Then Photos Curated by Jake Collins & Courtesy of Birmingham Public Library
Now Photos by Lindsey Culver

If you flip through photos of Homewood from the decades that followed its 1926 incorporation, some buildings will look unfamiliar in 2019. Today you can no longer see places like the original the Hollywood Country Club and Edgewood Drug Store, but many other buildings, like Union Baptist Church and Shades Cahaba School, still very much look the same. Still other places in Homewood bear some resemblance to their early portraits in the 1930s, 1940s, 1950s and 1960s, yet have changed too. Here we juxtapose old pictures and new side-by-side so you can see for yourself what has evolved and what remains in home sweet Homewood.

Rob’e Mans Automotive Service sits on the site of a former Texaco station. You can still see the same second story of a Union Baptist Church behind the Rob’e Mans building on the right as you can behind the Texaco from the 1953 photo.

The simple box of a building Homewood Barber Shop now occupies was a dry cleaner in 1952. The front façade door and windows still are in the same place, but much of the original marquee is now a simple white.

Did you know Cahaba Cycles was once Homewood Theatre?

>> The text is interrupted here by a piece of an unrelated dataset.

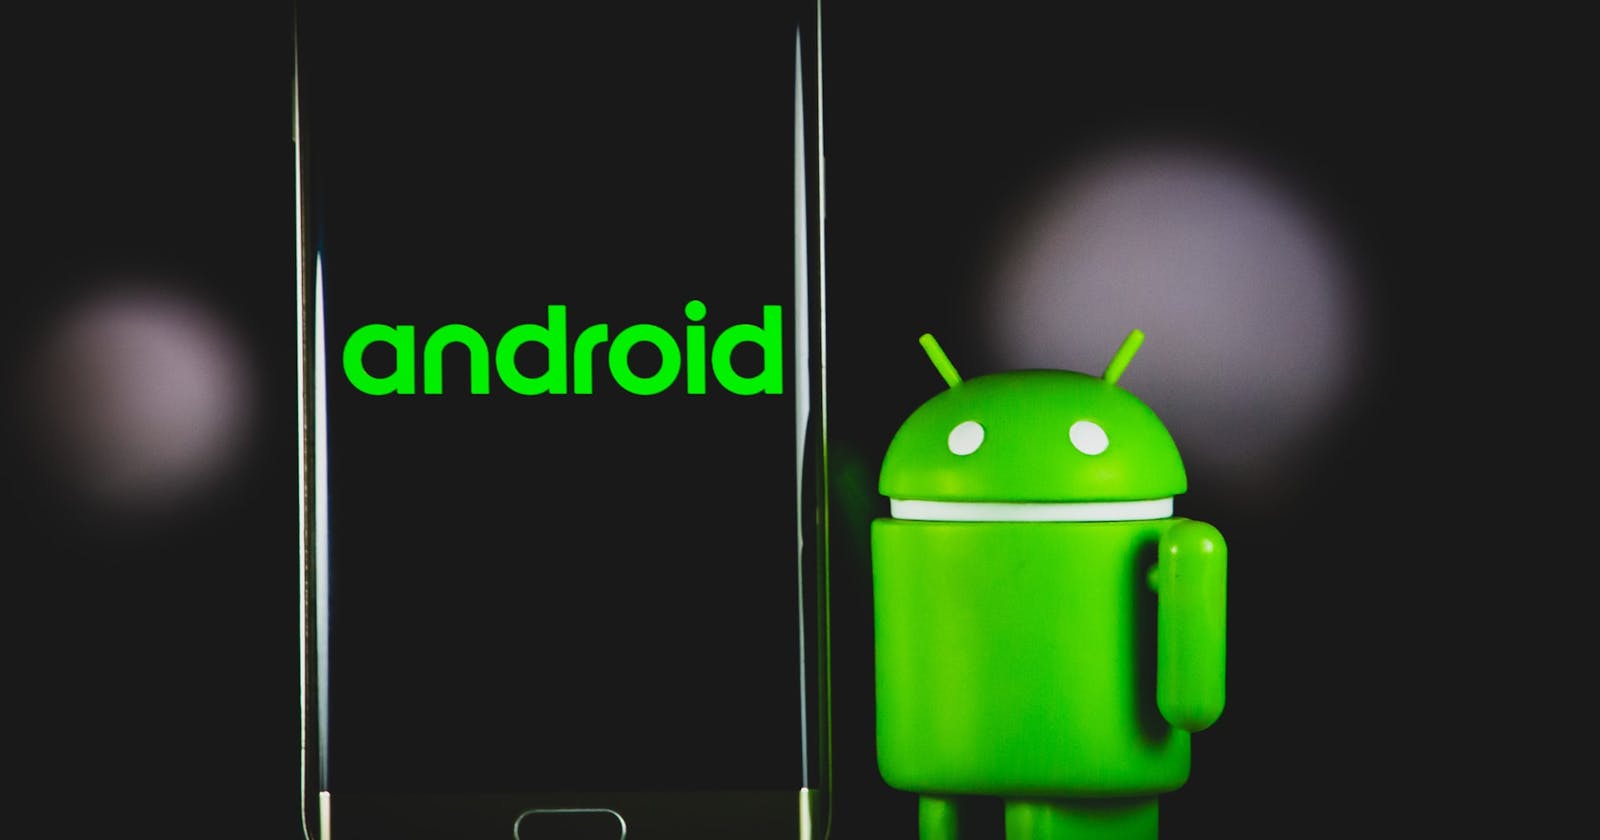 Free Resources To Get Started With Android Development

It might no longer show films, but the top section of the building still looks the same.

You can still see how the tops of this brick building on 18th Street are shaped the same as today’s Bob’s Bikes as it was when it was Artistic Beauty Shop in 1939.

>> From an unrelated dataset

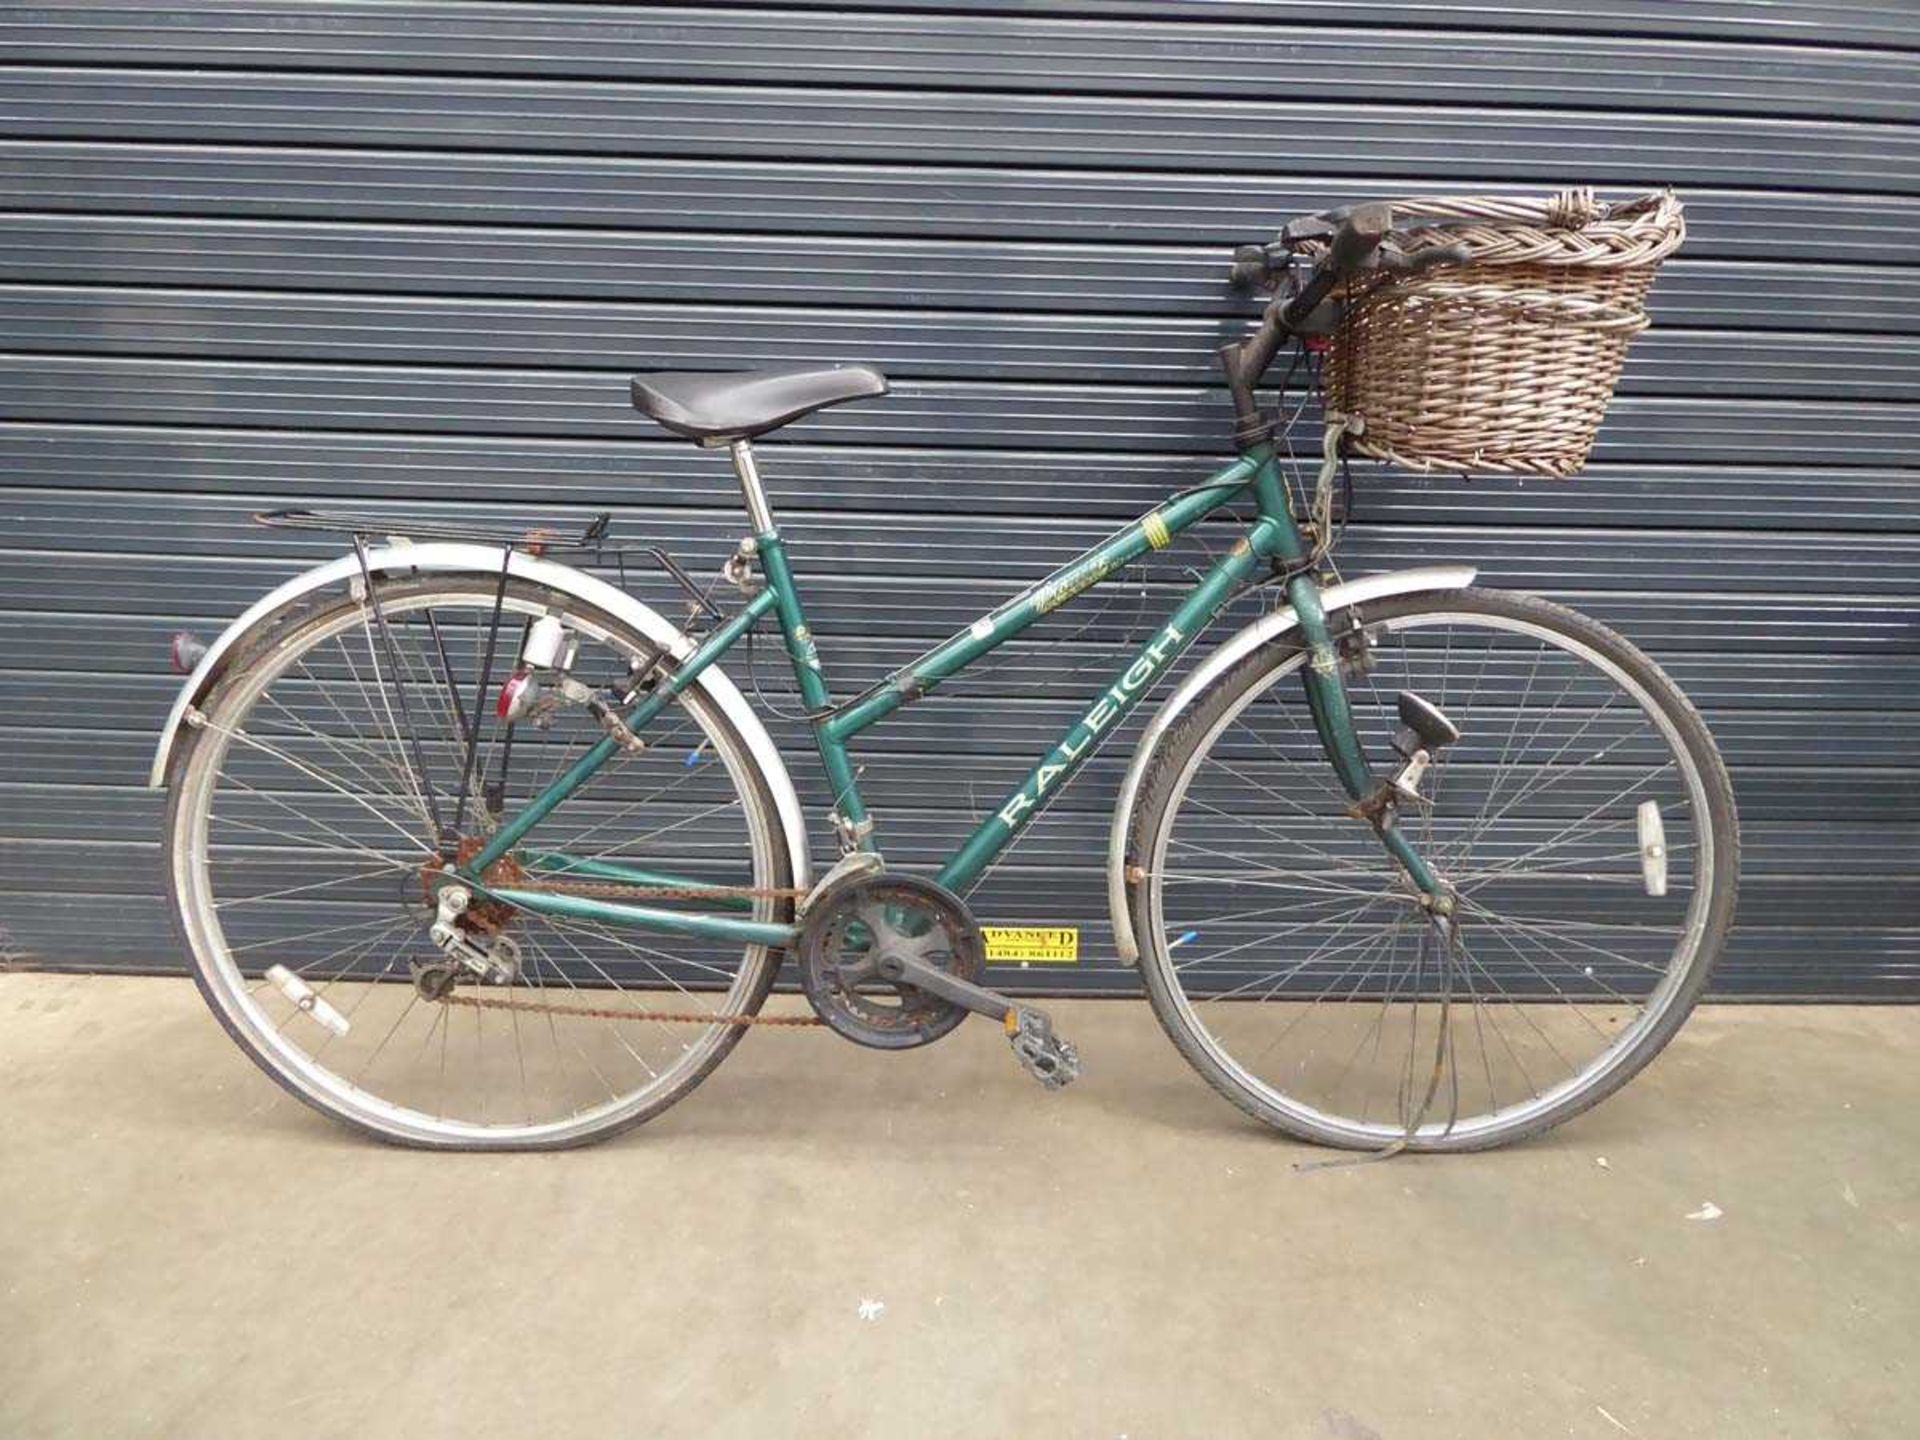 Raleigh green lady's bike with front basket

The roof has been modernized, but this corner building still holds its original shape from this 1947 photo as home to Nations Boutique next to Cookie Fix. You can also note there’s now no open space to the building’s right as it connects to a more recent structure.

The Real & Rosemary building on 29th Avenue South has been home to many businesses over the years including a beauty salon in 1947, but its exterior shape is still quite recognizable. The latter photo was taken in 1952.

Jack’s hasn’t always been in its current location across from Soho Square. When this photo was taken in 1962, it made its home just down the street on a corner lot where the Homewood Police Station now stands.

In 1939 Huffstutler & Co., the name a hardware store in Central Avenue now bears, was a real state, rental and insurance business in the brick building where O’Henry’s now serves up coffee and pastries.

Complete Feet’s brick structure towers over its neighbors now as did its predecessor in the brick building on 18th Street. Mantooth Interiors now operates where Ben Franklin Stores was, and B. Bayer & Co. is in a former garage space.

Caveat Coffee renovated an old home into its coffee shop. Its front has evolved since this photo was taken in 1965, but the left side and fireplace are still in place.

In 1944 there was more green on Central Avenue surrounding the Howard Cuthrell Building and the millwork repair business inside. Today the building houses Iron Tribe Fitness.

In the spring of 1949 tall skinny trees stood in the view from Homewood Central Park where the playground is now looking across Central Avenue to where Hero Doughnuts and Nabeel’s Café stand today.

This quaint signature corner in Edgewood has largely remained unchanged, except that a street car once ran up Broadway and into Oxmoor Road. Today it’s home to Edgewood Frame Shop and Trilogy Leather.

In 1959 you could buy groceries and do your laundry right on Oxmoor Road in Edgewood. Today you can order pizza and barbecue instead, but many of the architectural details remain.